- Theatrical release poster
- Directed by: David Charhon
- Screenplay by: David Charhon; Ismael Sy Savane;
- Produced by: Jean-Charles Levy ; Nicolas Manuel; Olivier Albou; Laurence Schonberg; David Charhon; Jakéma Charhon; Eponine Maillet; Olias Barco; Vlad Riashyn; Anna Vlasova; Karyna Bershadskaya;
- Starring: Jean-Claude Van Damme; Alban Ivanov; Assa Sylla; Samir Decazza;
- Distributed by: Netflix
- Release date: 30 July 2021;
- Running time: 110 minutes
- Country: France
- Language: French

= The Last Mercenary (2021 film) =

The Last Mercenary is a 2021 French action comedy film directed by David Charhon with a screenplay by Charhon and Ismael Sy Savane. The film stars Jean-Claude Van Damme in the lead role, along with a supporting cast that includes Alban Ivanov, Assa Sylla and Samir Decazza. It was released on Netflix on 30 July 2021.

==Plot==
Richard Brumere is a secret agent who worked for the government. During an operation, Richard had impregnated the ex-wife of his friend Jouard. The two have a son named Archibald al Mahmoud. His wife asks that her son be given two things: money given by the government and someone to take care of him.

An agent by the name of Fernand was assigned to take care of him and did so for the past couple of years. Archibald never knew his father, so he always assumed Fernand was his dad. Meanwhile, at a bank, Ministre Sivardiere had discovered a fake employee providing Archibald al Mahmoud with money for the past couple of years. Also, Archibald al Mahmoud was considered a terrorist wanted for arms and drug trafficking. Sivardiere had shut down the money, which also erased the immunity, leading government agents to pursue him. Agents show up at his home, and with the use of a device only known as the Big Mac, Fernand has a heart attack after his pacemaker fails due to the Big Mac frying the electrical signal. Archibald tries to get away but is arrested. He is interrogated about his alleged activities but is passed out.

Richard finds out about his son and how he's being held by the government and stages a rescue. After a lengthy brawl with agents, Richard saves his son but does not disclose he is the father by using the alias, George.

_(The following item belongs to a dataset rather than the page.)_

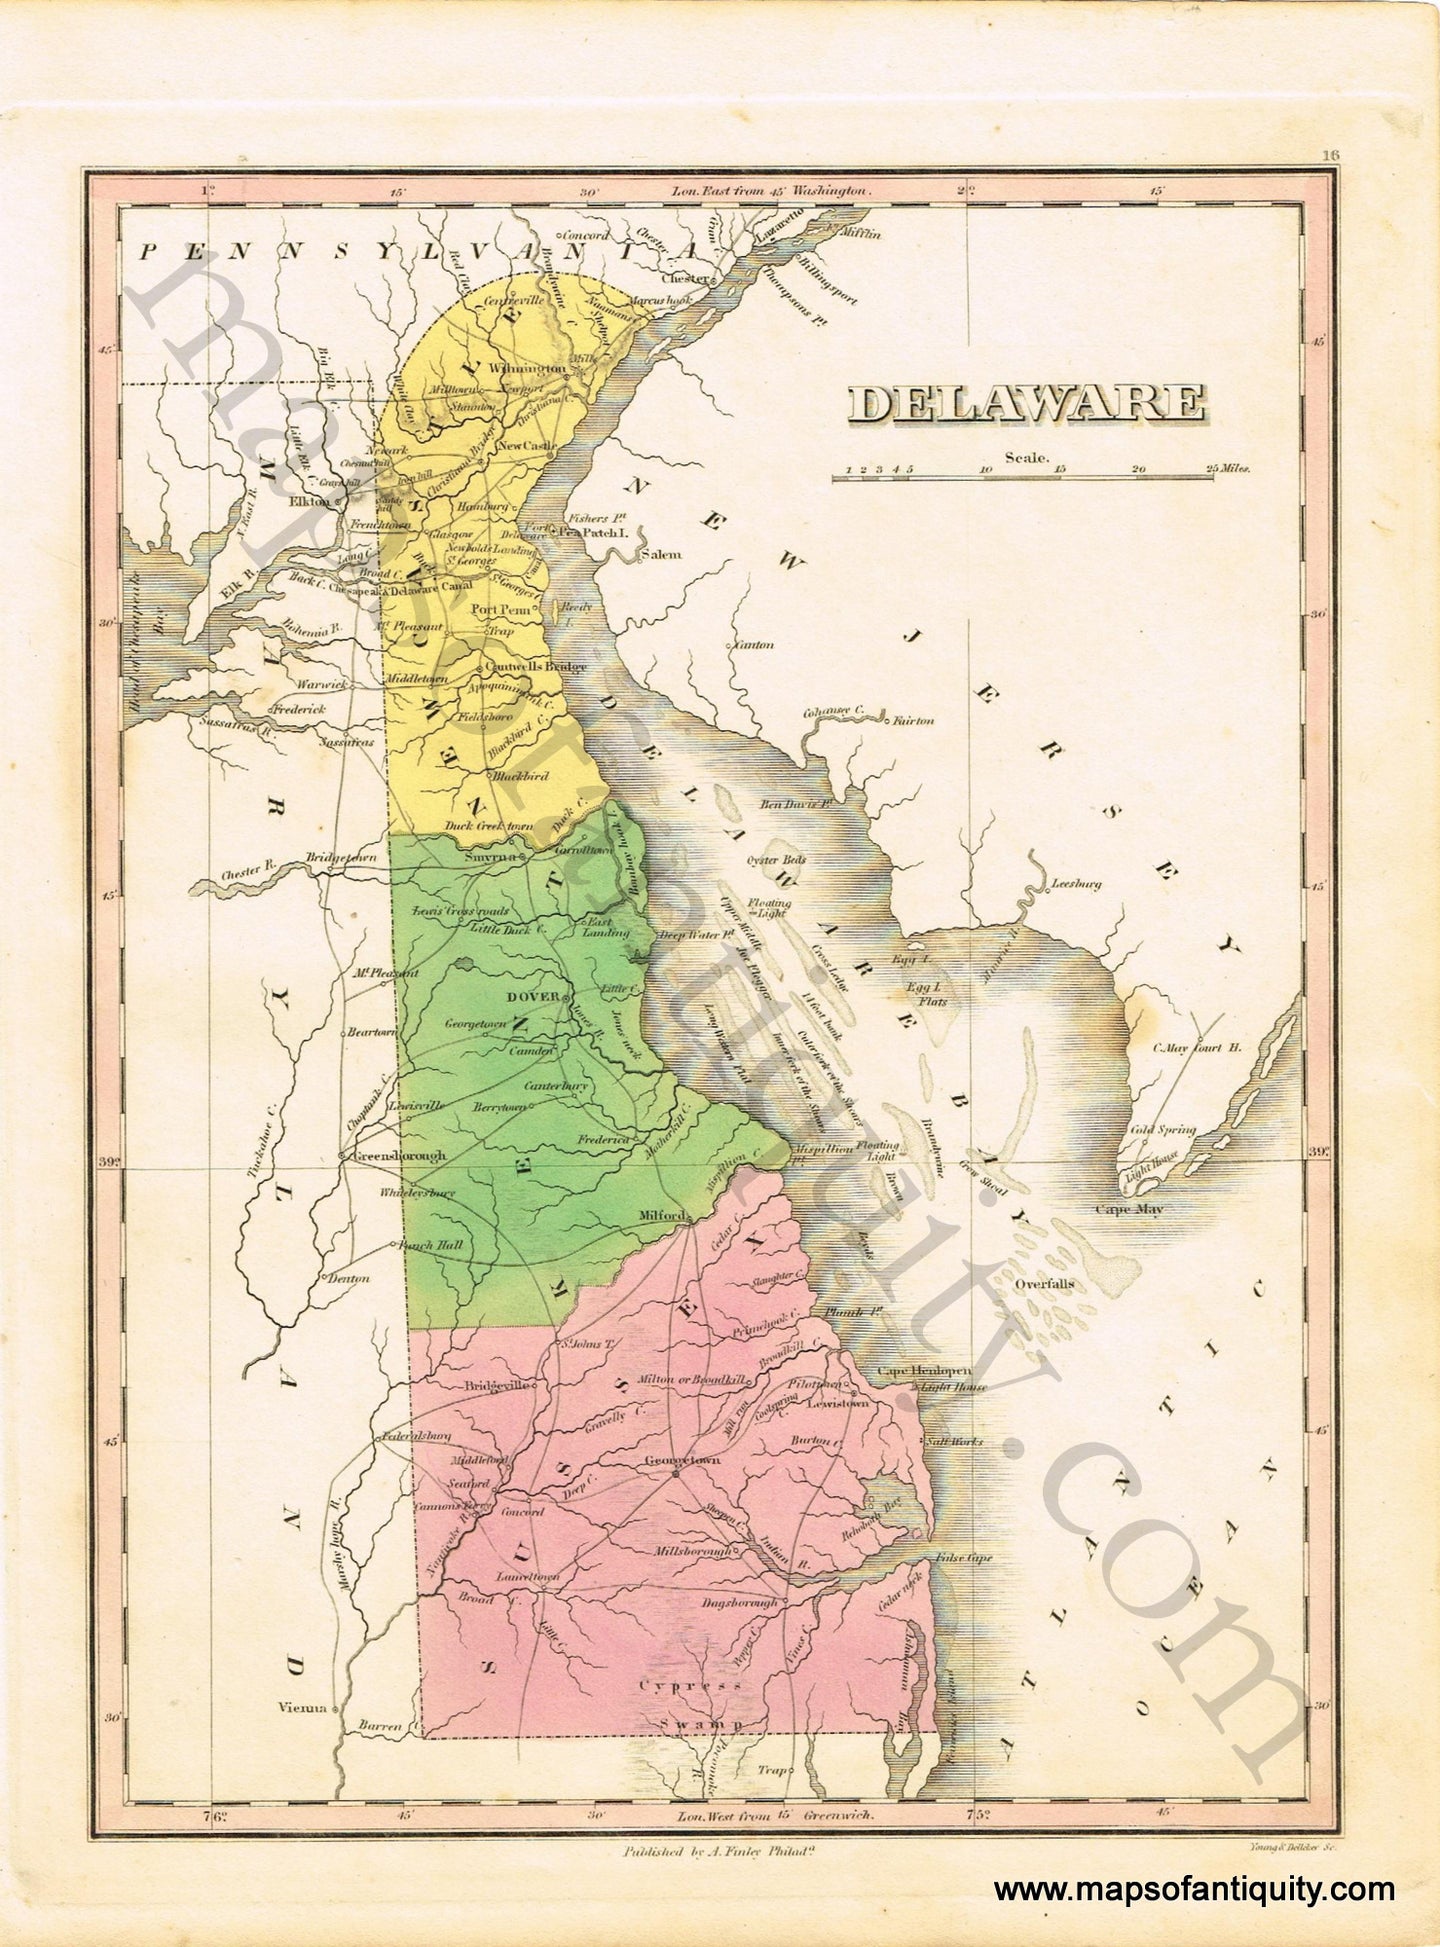 Antique-Hand-Colored-Map-Delaware-United-States-Mid-Atlantic-1827-Anthony-Finley-Maps-Of-Antiquity

While getting away and kidnapping a willing Sivardiere, Richard is exposed, and Archibald feels betrayed. Richard reminisces about his wife twirling the pendant around her finger. Archibald comes out and realizes he was the man who comforted him at the funeral, realizing he was never truly abandoned. After recovering the Big Mac, Jouard realizes that Richard still had to be taken in for the events of the prior operation Cup-and-Ball. Richard triggers the Big Mac killing the power in the building and escaping but still promises to be there for his son.

==Reception==

 Metacritic, which uses a weighted average, assigned the film a score of 48 out of 100, based on 9 critics, indicating "mixed or average" reviews.